It’s not December yet but with the Late Late Toy Show on next Friday night, I’d imagine lots of families will be getting their tree and the decorations in place to have the house looking festive and adding to the Christmassy atmosphere. No one wants to end up in A & E or even experience any small accidents when decorating so here’s eight safety tips to ensure that while the house looks suitably festive, you’re all hale, hearty and feeling safe and cosy while watching the Toy Show:-
Don’t stand on coffee tables or chairs to reach the top of the tree or the ceiling. Even just writing that has made me remember the time my cousin fell off a chair when changing a lightbulb and ended up breaking his leg! It sounds dramatic but it does happen. Ensure the ladder is on even ground and that the safety catches are in place. If you’re putting decorations on the roof, on the gable end of the house or within a double height hallway, make sure someone is standing on the bottom rung of the ladder to stop it from tipping. Don’t be tempted to lean over too far to one side when you’re up that ladder either – it’s much safer to climb down, move the ladder and climb up again.
Candles add atmosphere to a room too via their flickering light and their scent but never leave them unattended. If there are young children around, ensure candles are out of reach. It may sound obvious but don’t place them near curtains, Christmas cards or decorations. It does happen that a candle placed on a mantelpiece can ignite the cards beside it as it burns down.

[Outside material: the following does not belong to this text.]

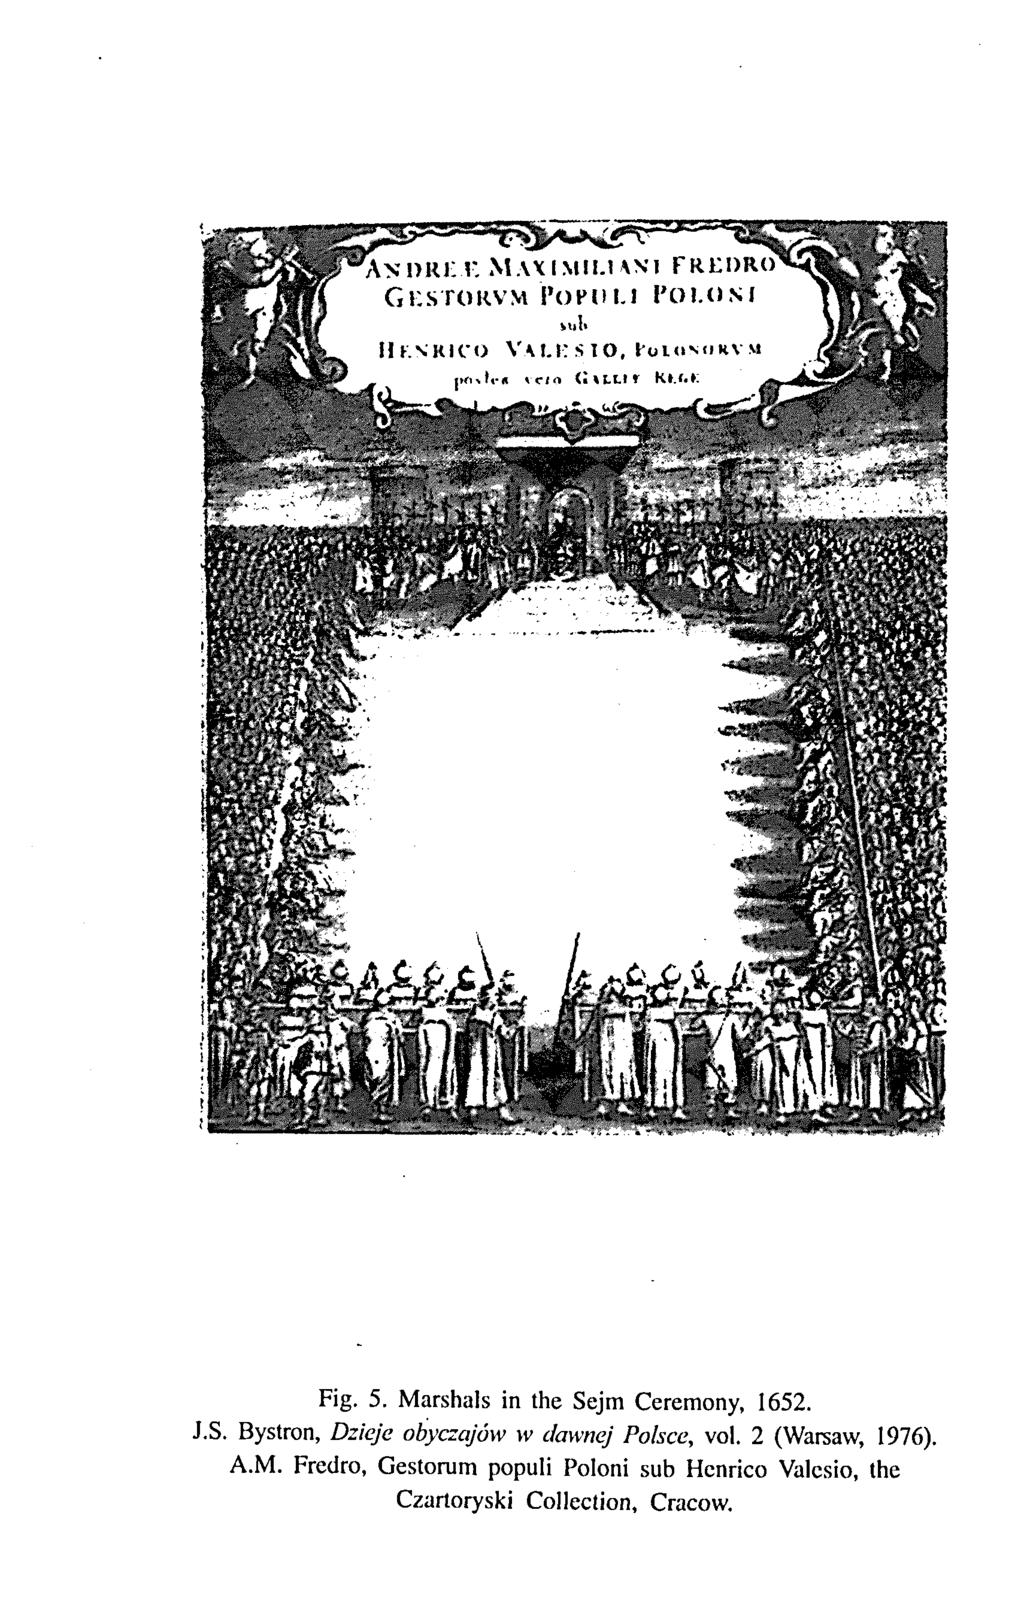 Fig. 5. Marshals in the Sejm Ceremony, 1652. J.S. Bystron, Dzieje obyczajow w tlawnej Polsce, vol.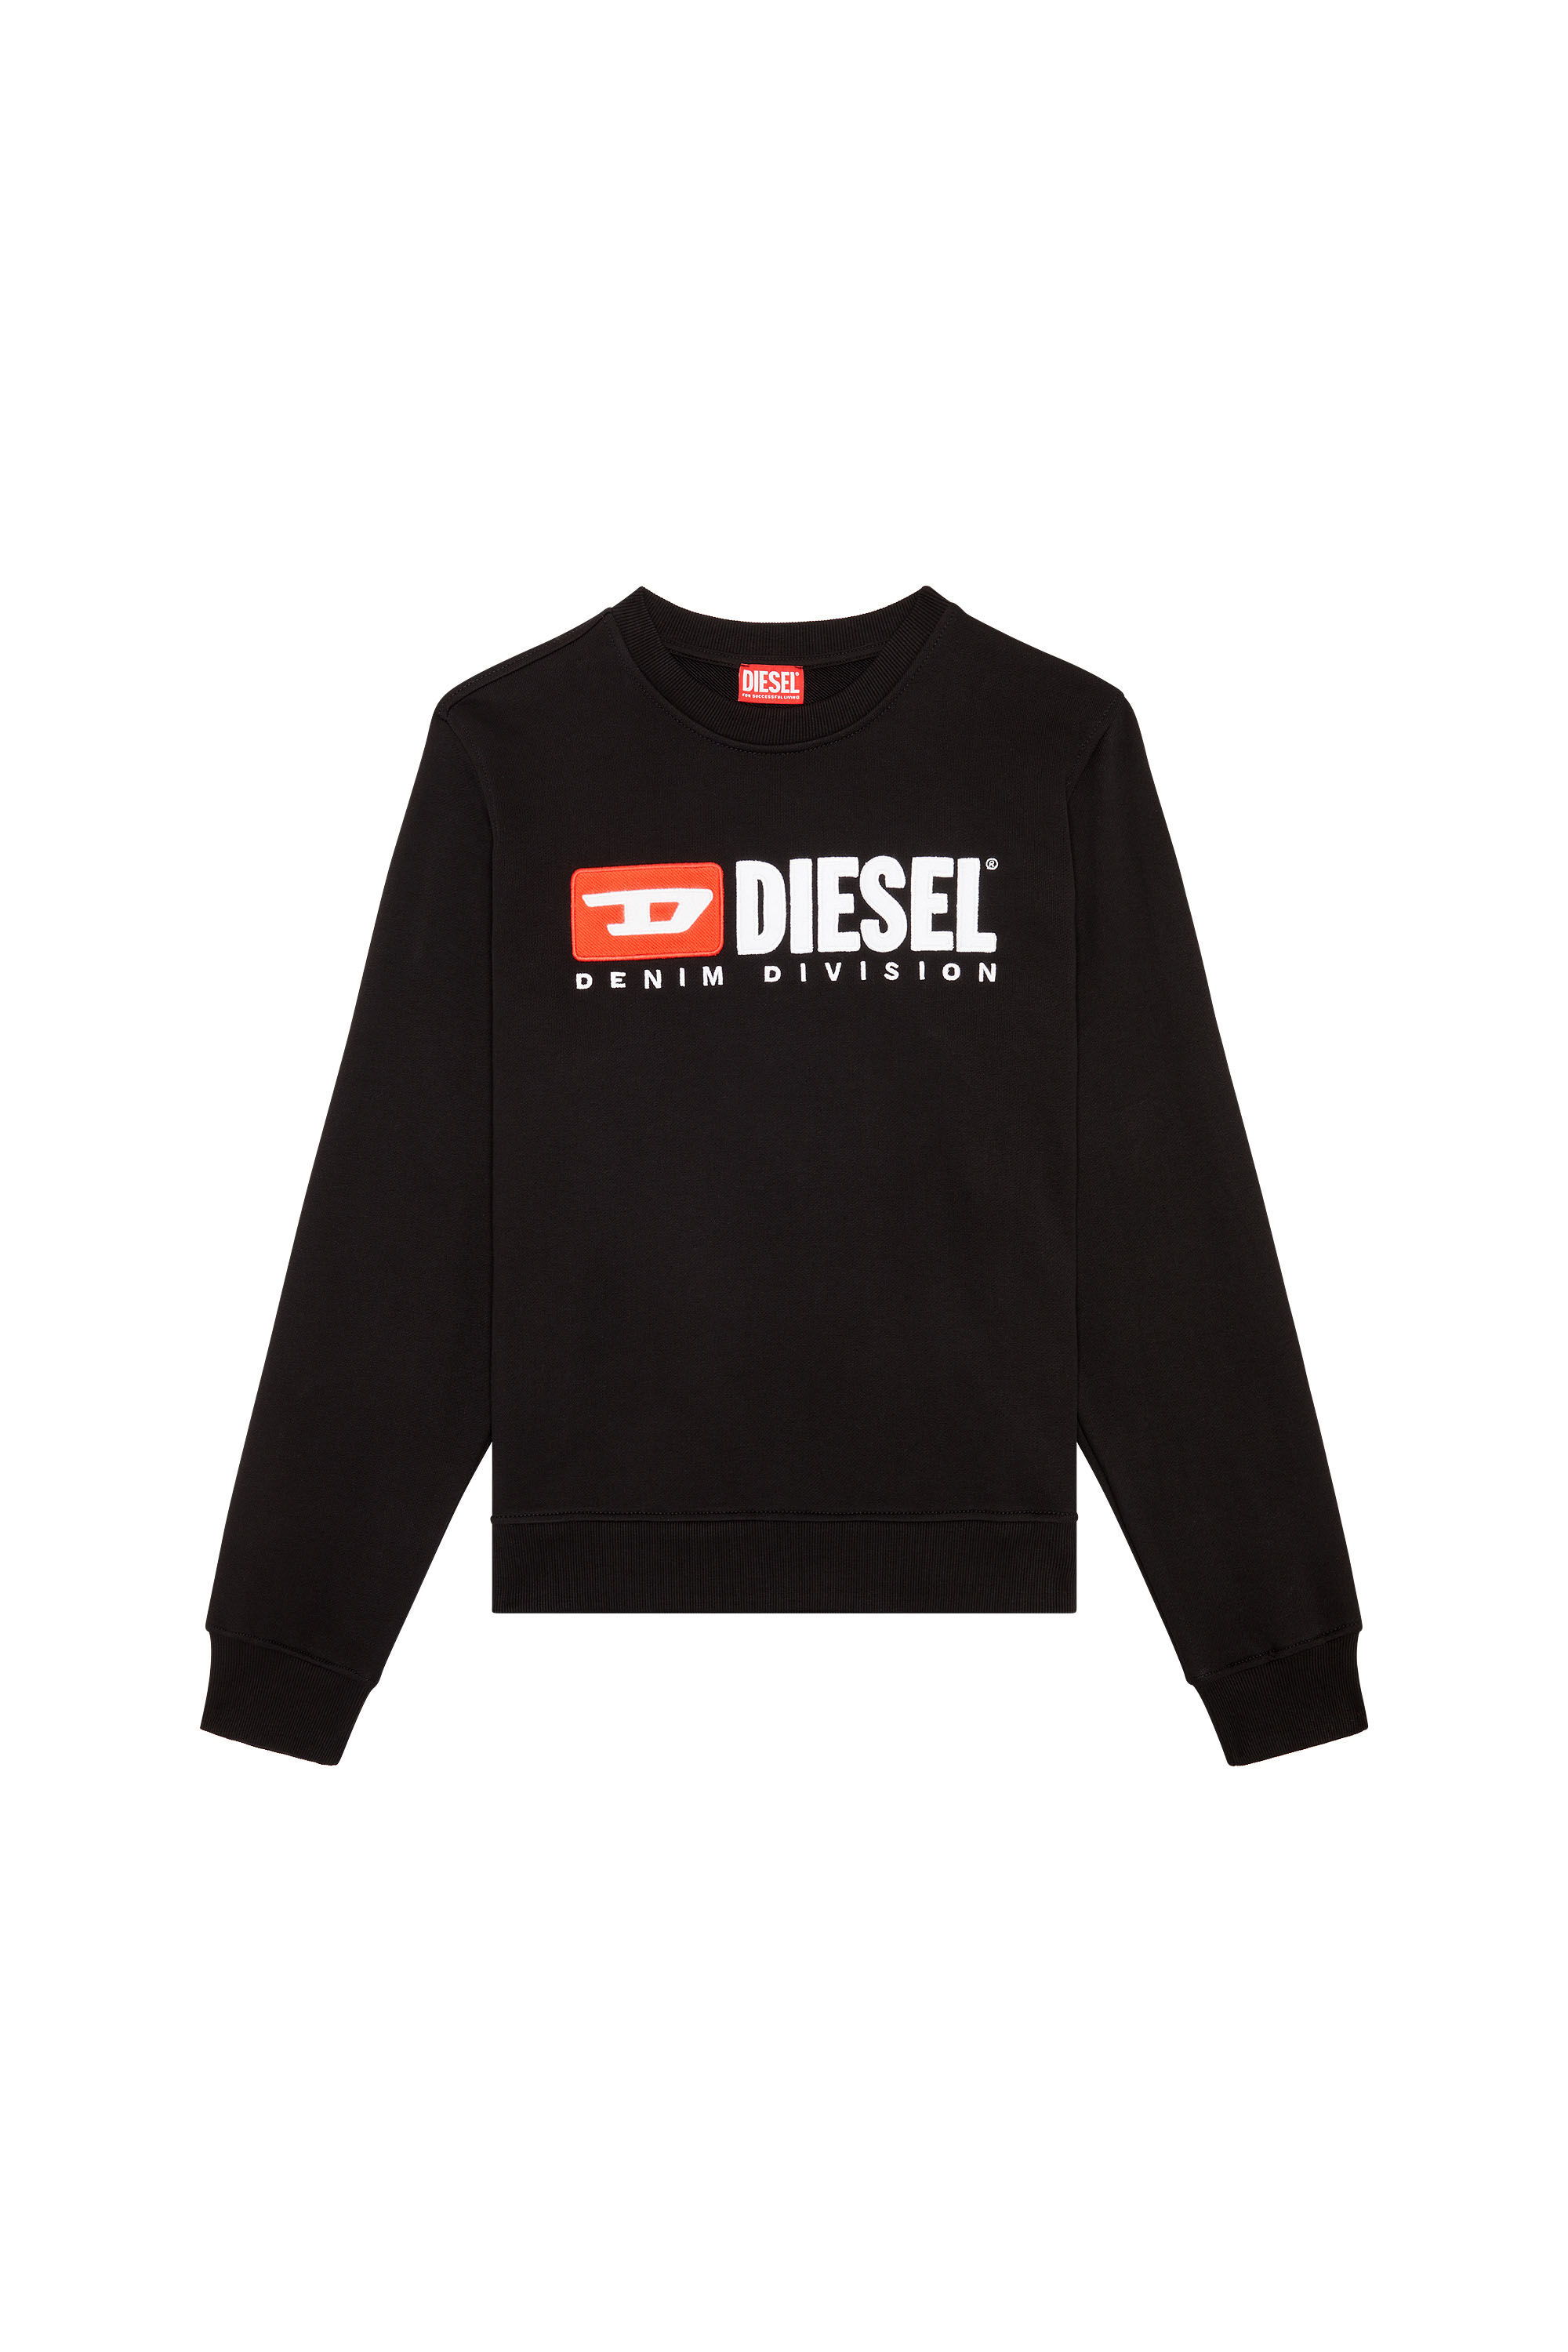 Diesel - S-GINN-DIV, Negro - Image 2

If your Christmas lights are starting to look like they have seen better days, in terms of the wiring starting to fray at all or a crack in the plug, it’s time to invest in new ones. Remember they are left on for hours and they are close to decorations and wrapped gifts which could ignite if there’s too much heat. Artificial trees should all be labelled “fire resistant” so check that’s on the box. Remember it doesn’t mean the tree won’t catch fire, it’s just more resistant.
4. Tree Placement
Place the tree in a part of the room where it won’t obstruct anything, there’s no danger of anyone falling over wires or over the lower branches, or of falling against it and knocking it over.
5. Young Children
The sparkle of decorations on a tree are enticing to young children so ensure that there aren’t any decorations on the lower branches that have sharp edges, parts that can be bitten off or that could shatter and cut their hands. Weight the tree down so it’s not easy to pull over should a toddler reach out to grab a branch. Much of the same advice applies to pets actually.
6. Wrapping Paper
Can wrapping paper carry a risk? Well, if the fire is lighting and a child throws the discarded wrapping paper into the fire without scrunching it up tightly first, the loose paper could fall out onto the hearth or even further, creating a serious fire risk.
7. Scissors & Knives
Between the sharp knife for carving the turkey, the scissors for opening well-cellotaped wrapping paper and boxes, or a knife instead of a screwdriver for assembling toys, you can see that lots of sharp implements in use while sipping on the wine, liquers or brandy may not be a good combination.
8. Food Poisoning
Check the cooking times for the weight of your turkey and remember to add more time if you’re stuffing the bird. If it was frozen, ensure you’re giving it enough time to defrost before Christmas morning. Prepare, plan, stay safe and I hope you have a wonderful Christmas. Will you be putting up your decorations before the Late Late Toy Show?